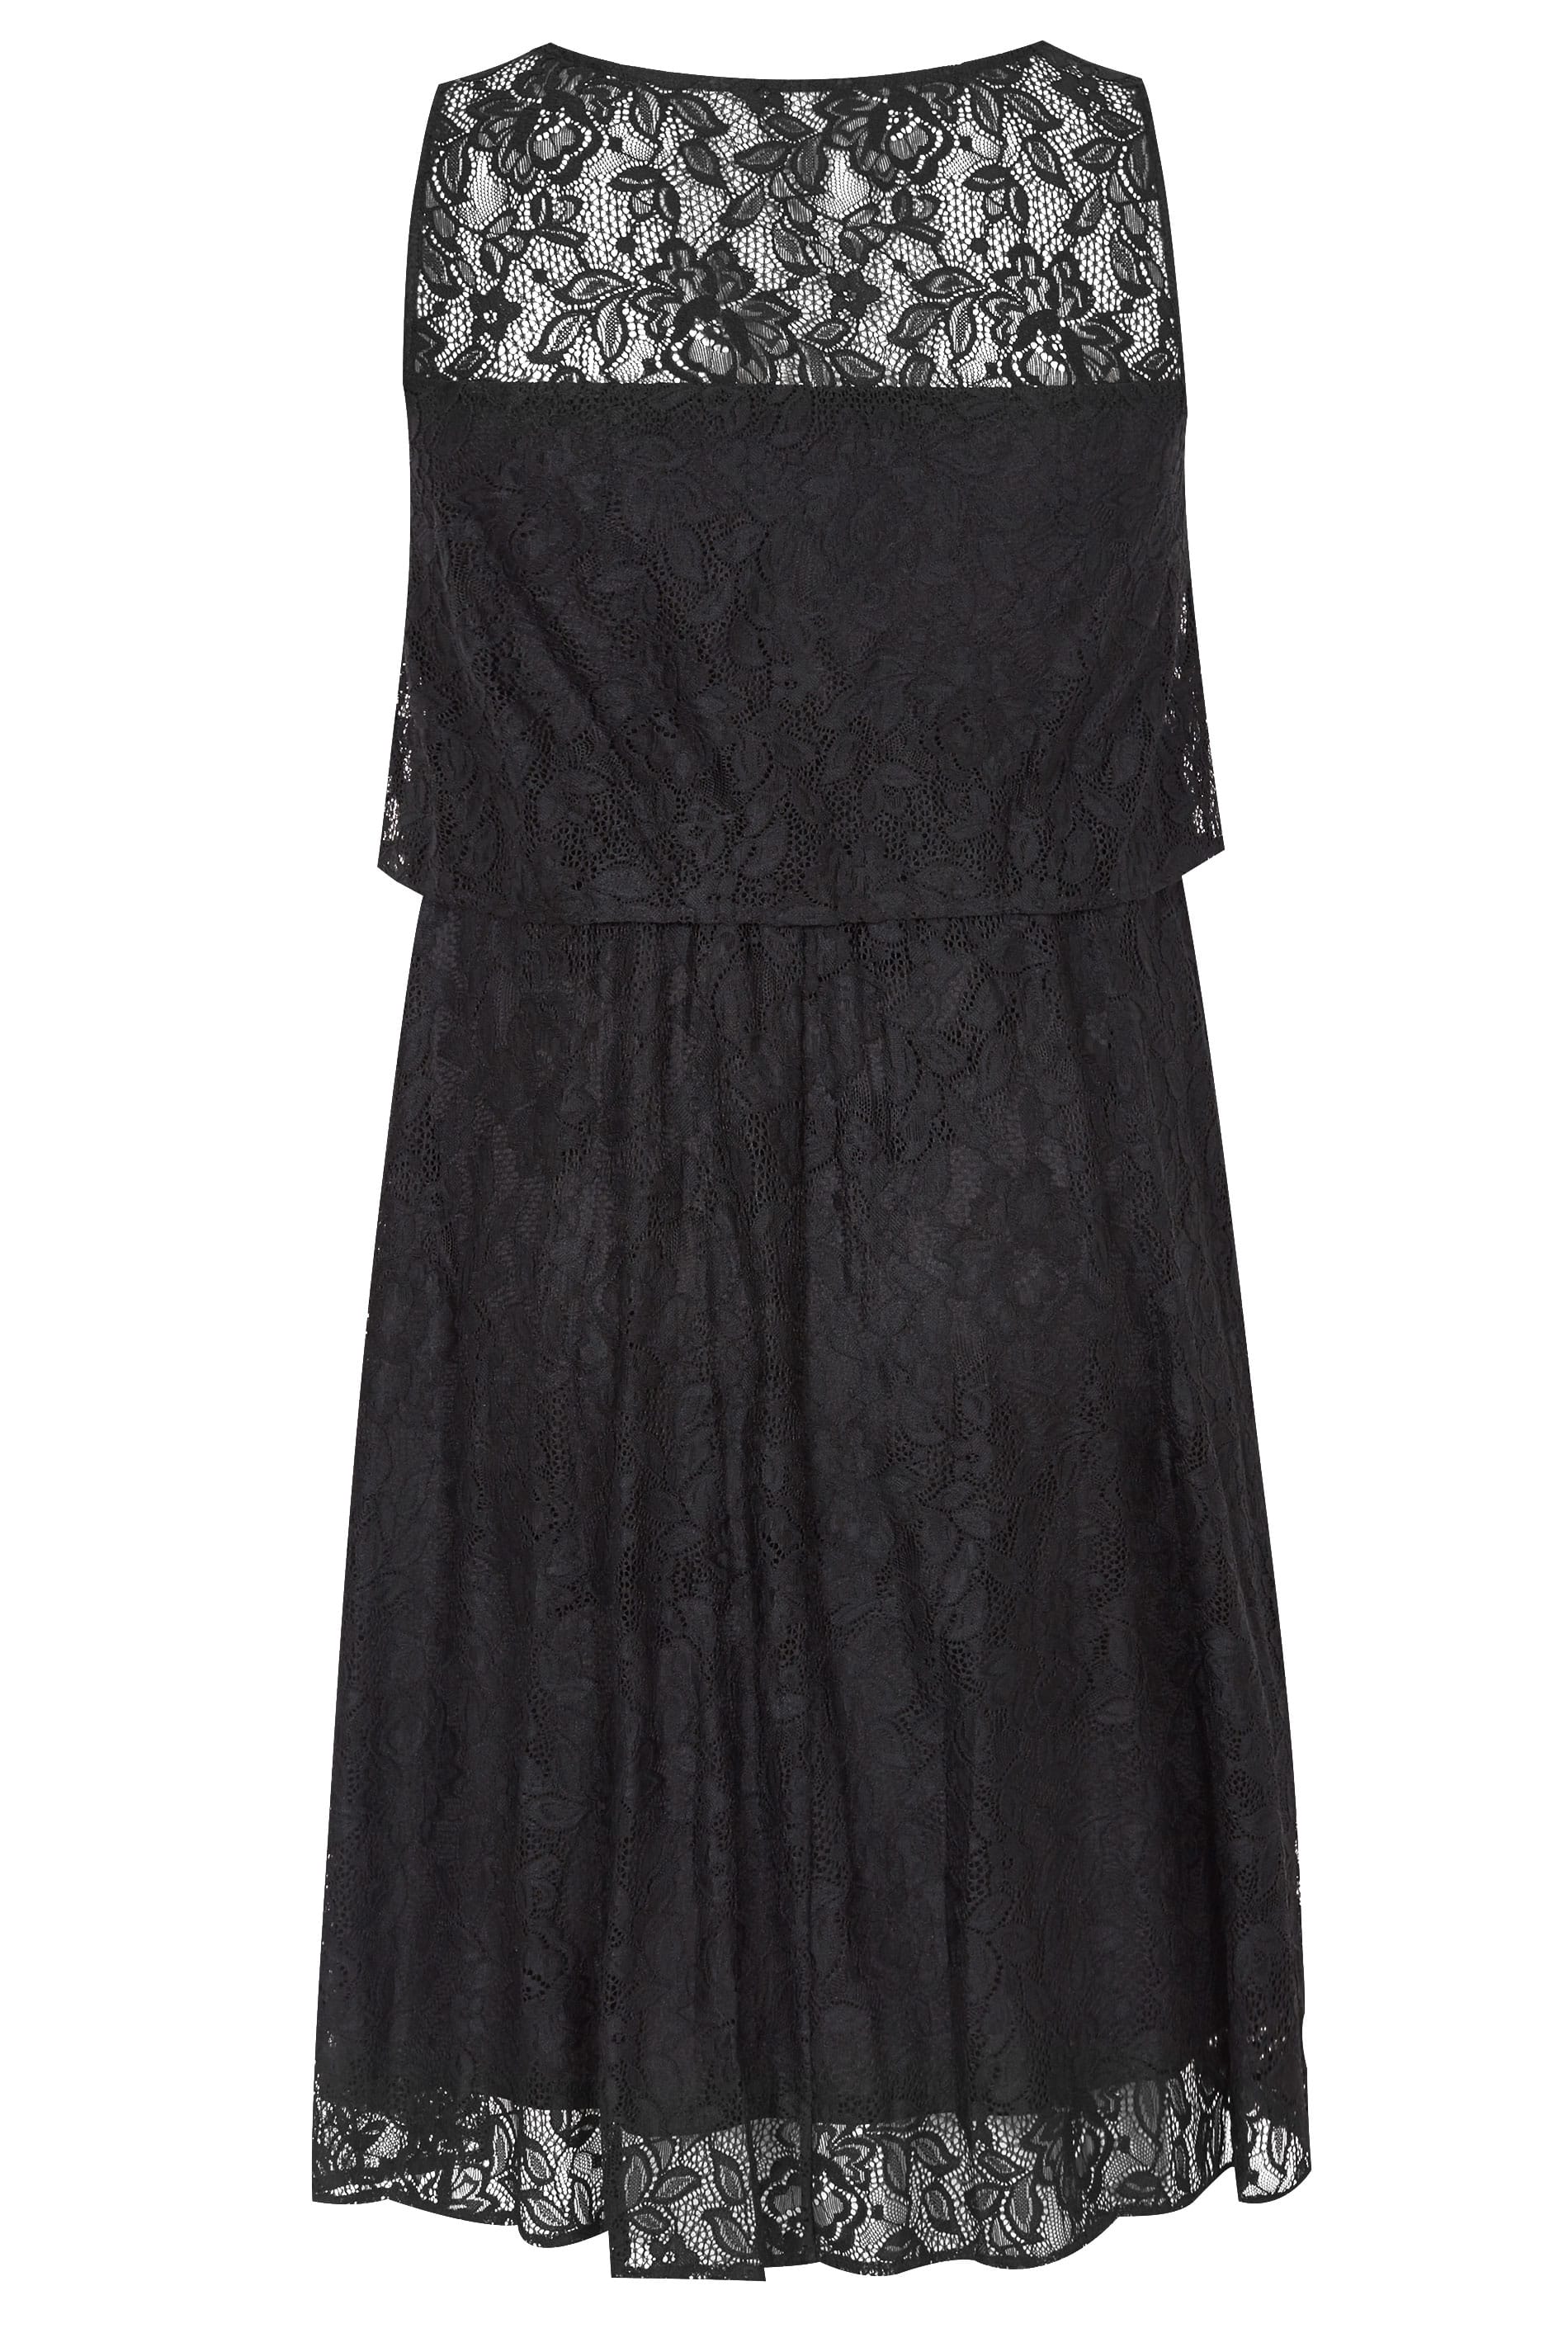 Plus Size Black Layered Lace Dress | Sizes 16 to 36 | Yours Clothing
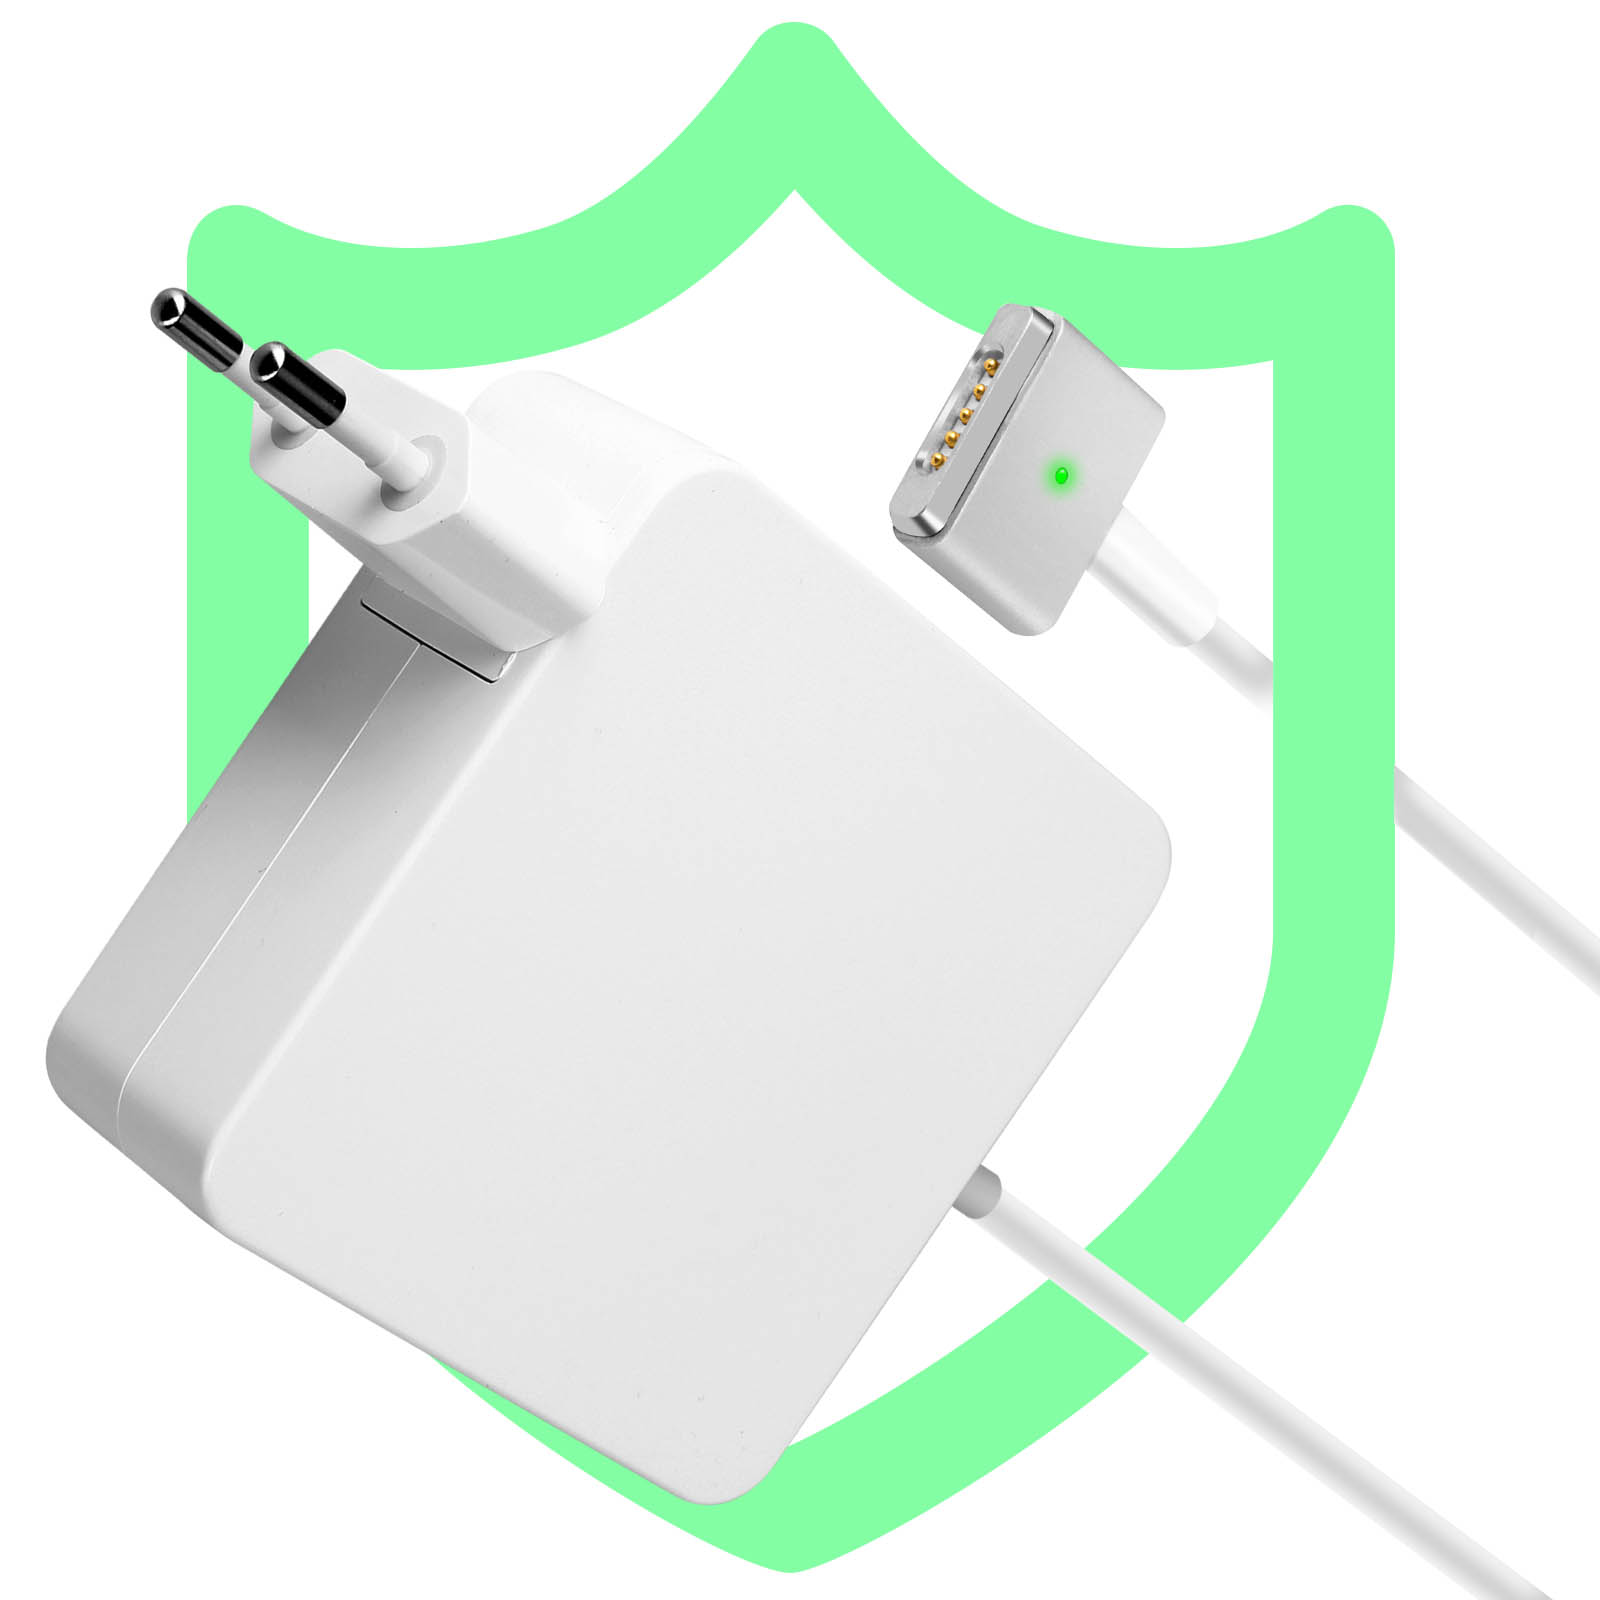 Chargeur Macbook - MagSafe 2 45W
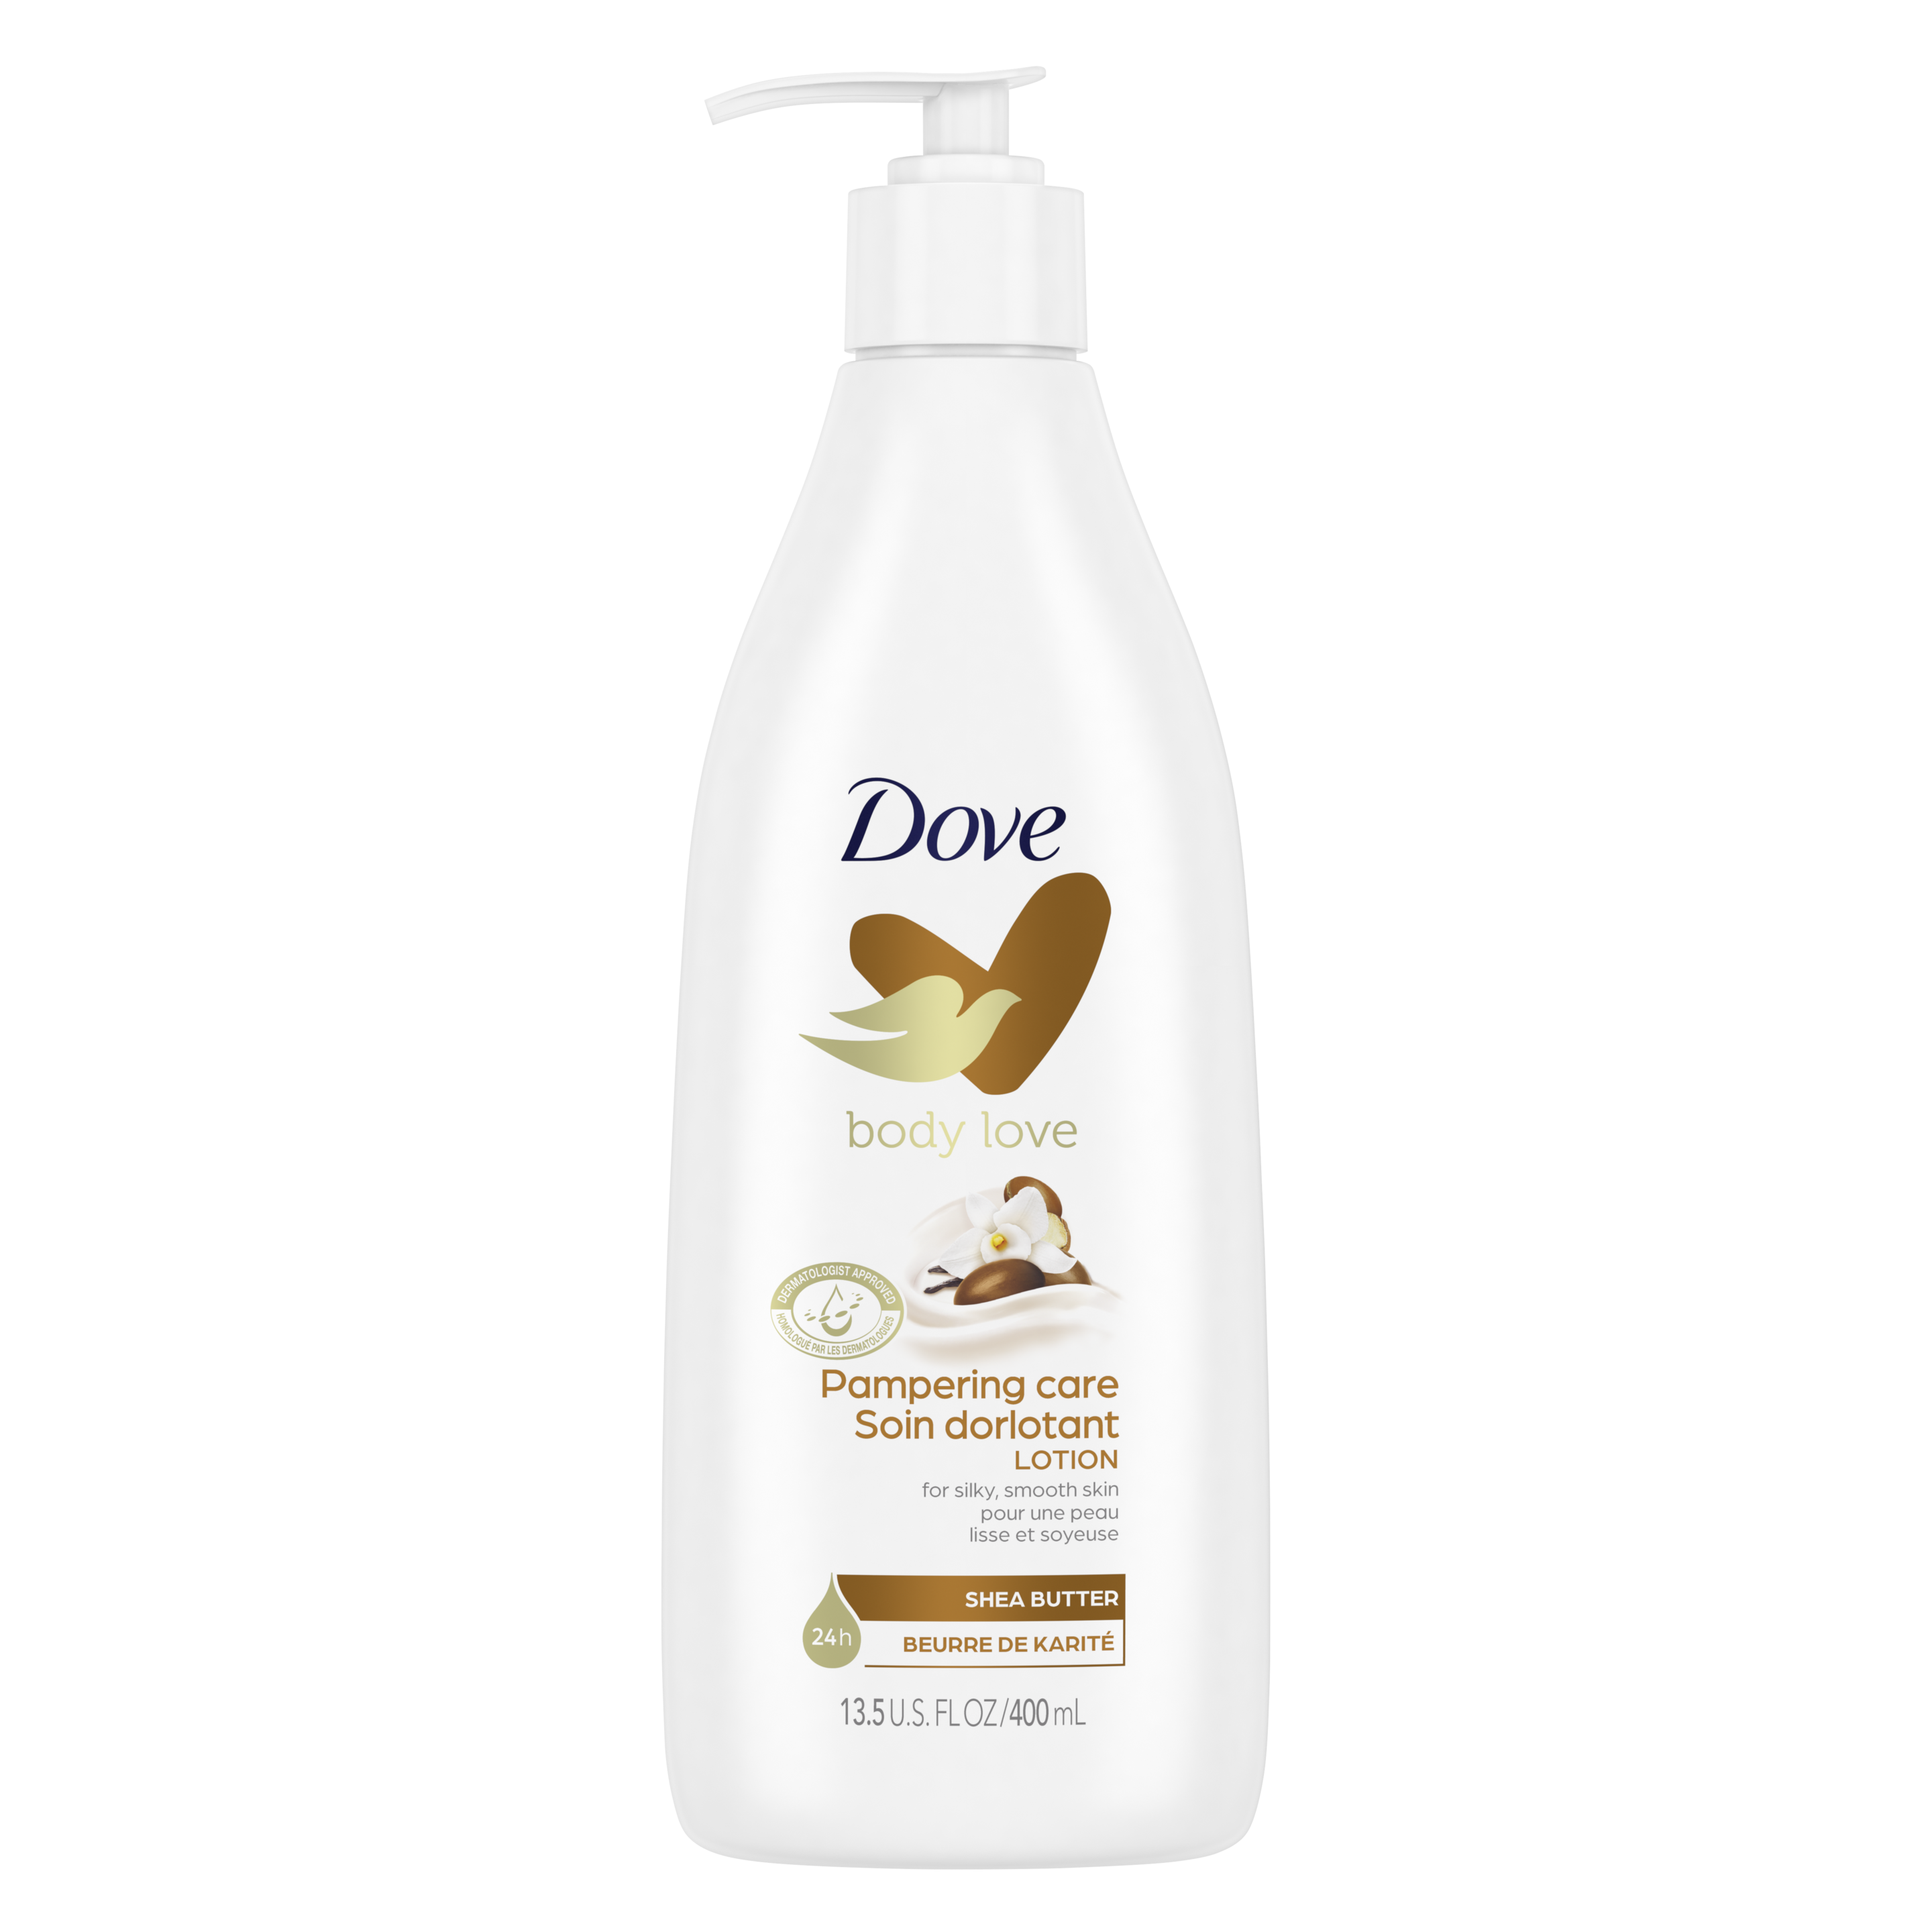 lineair Consulaat Rot Body Love Pampering Care Body Lotion | Dove

—————

Write out the whole listing verbatim, images excluded.

 Plus Size Black Layered Lace Dress | Sizes 16 to 36 | Yours Clothing
 Chargeur Macbook - MagSafe 2 45W
 lineair Consulaat Rot Body Love Pampering Care Body Lotion | Dove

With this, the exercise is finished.